The idea here is to integrate data across time-points to build sparse regression models for time-series data, such that the sparse regressors at neighboring time points vary smoothly. This would be useful for e.g. RNA-seq experiments with multiple time-points, if you wanted to predict the set genes driving a phenotype, and see how that set changes over time.

  • The Julia code for this method is currently in development.

Integrated Workflow for Transcription Factor Binding Site Prediction

In an effort to find the best candidate transcriptions factors to input to the Price Lab's transcriptional regulatory network inference tools, I constructed a machine learning pipeline to integrate an array of genome-scale data and predictive tools to output a single high confidence prediction of transcriptional activity at arbitrary sites across the genome.

  • A preprint describing this work is available here
  • a publicly available database of our predictions is available as an R package here

Weighted Ensemble Systems Biology

It can be really difficult to run stochastic models of biological processes enough times to accurately sample their output. We applied the WESTPA implementation of weighted ensemble to these kinds of models and achieved orders of magnitude speed-ups in sampling.

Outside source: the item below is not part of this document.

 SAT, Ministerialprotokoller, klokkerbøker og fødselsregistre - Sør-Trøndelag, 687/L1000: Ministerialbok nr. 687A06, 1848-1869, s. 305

The essential trick here is that most observables of interest in complex models are rare events (e.g state transitions), and weighted ensemble can efficiently sample rare events in stochastic systems.

  • Our first paper dealt with non-spatial models
  • Our second paper addresses models of spatially resolved cellular processes.

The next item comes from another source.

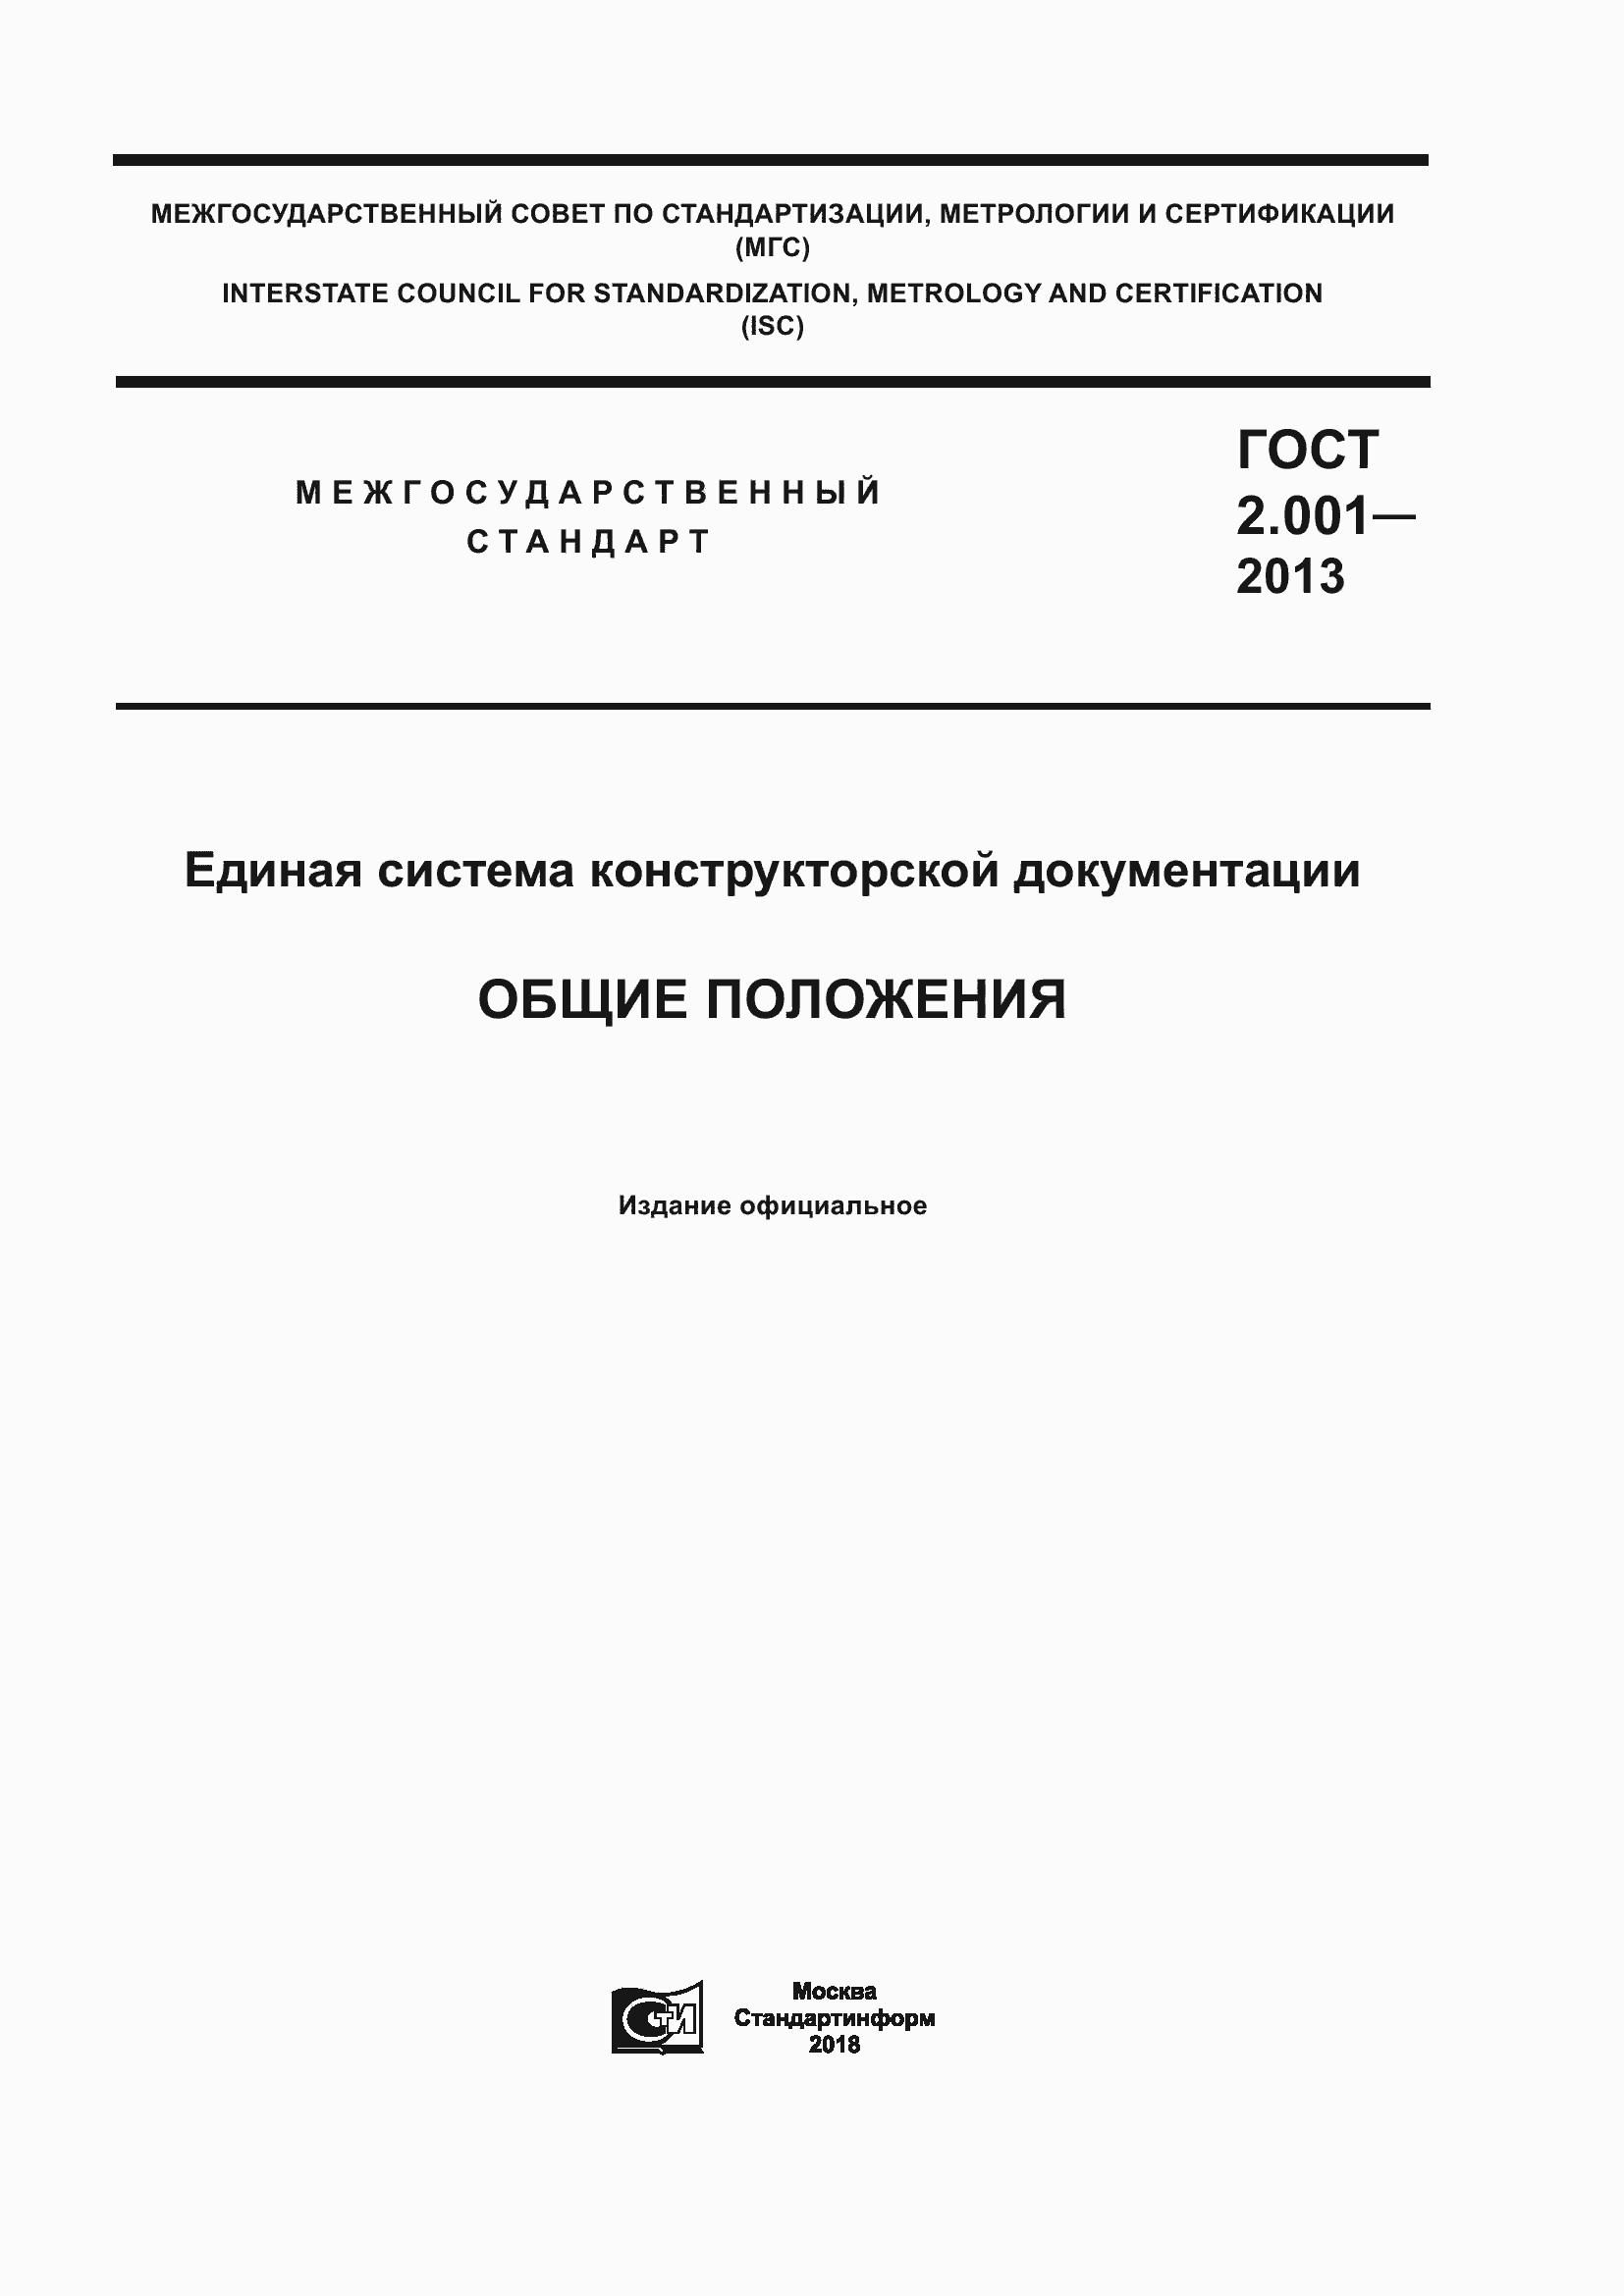 Гост 2.001 2013 ескд общие положения

Graphical Models for Free Energy Estimation

The main approaches to computationally estimating how strongly two biomolecules bind together are often either overly time consuming (e.g. molecular dynamics) or overly empirical (e.g. docking). Alternatively, using graphical models of proteins to compute the Bethe free energy of binding can be both fast and accurate. We are working to improve this approach and rigorously quantify the error involved in the approximation (work in progress).

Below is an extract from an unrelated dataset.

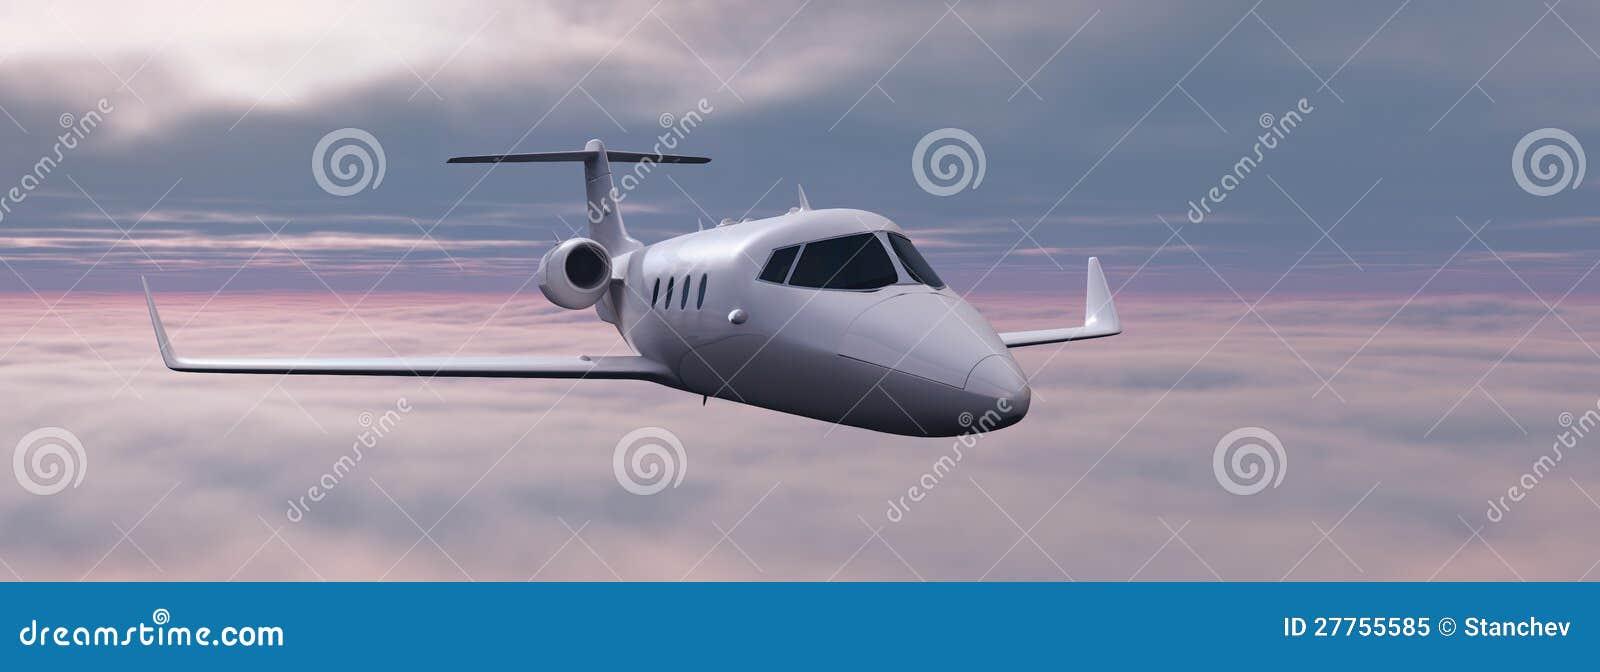 Avion au-dessus des nuages

  • This work is summarize in a JCTC paper and is available here.
  • Here is web app to visualize the graphs induced on pdb structures.

Quantitative Evolution and the ATP Synthase

Using simple state-based models of proton transport and free energy transduction, we probe the optimality of the curiously engineered rotary mechanism of the ATP synthase. We take a very high-level approach here; for instance, our models are entirely agnostic to structure, and we allow each potential transporter mechanism to optimize itself over all unknown parameters that are thermodynamically permissible.

  • Our PNAS paper Biophysical comparison of ATP synthesis mechanisms shows a kinetic advantage for the rotary process available here.

Network Inference with Graphical Models of Heterogeneous Genomic and Clinical Data

We use graphical models to learn interaction networks between genes, clinical factors, and disease diagnoses. Our models accommodate data that is both continuous and discrete, and are aggressively filtered for false-positive edges via collider detection algorithms. Graphical models learned from biomedical data can be used for classification and biomarker selection (with performance comparable to currently available univariate tools), while revealing the underlying causal network structure and thus allowing for arbitrary likelihood queries over the data.

Stochastic Models of Cellular Heterogeneity

Simple stochastic models can recapitulate the population-level heterogeneity of protein abundance found in, for example, colonies of e. coli. A non-spatial model of gene expression, stochastically simulated with a modified Gillespie algorithm that takes into account cell division, is able to reproduce experimental data quite well.


I live on Vashon Island. I work at the Allen Institute for Cell Science, designing efficient learning algorithms for extracting knowledge from high dimensional experimental data, and integrating machine learning approaches with mechanistic biophysical models to create multiscale models of cellular behavior.

Before that, I was a postdoc at the Institute for Systems Biology with the Hood-Price Lab.

I went grad school at CMU & Pitt, where I worked with Dan Zuckerman,
and collaborated with Jim Faeder, Chris Langmead, Markus Dittrich, Bob Murphy, and Takis Benos.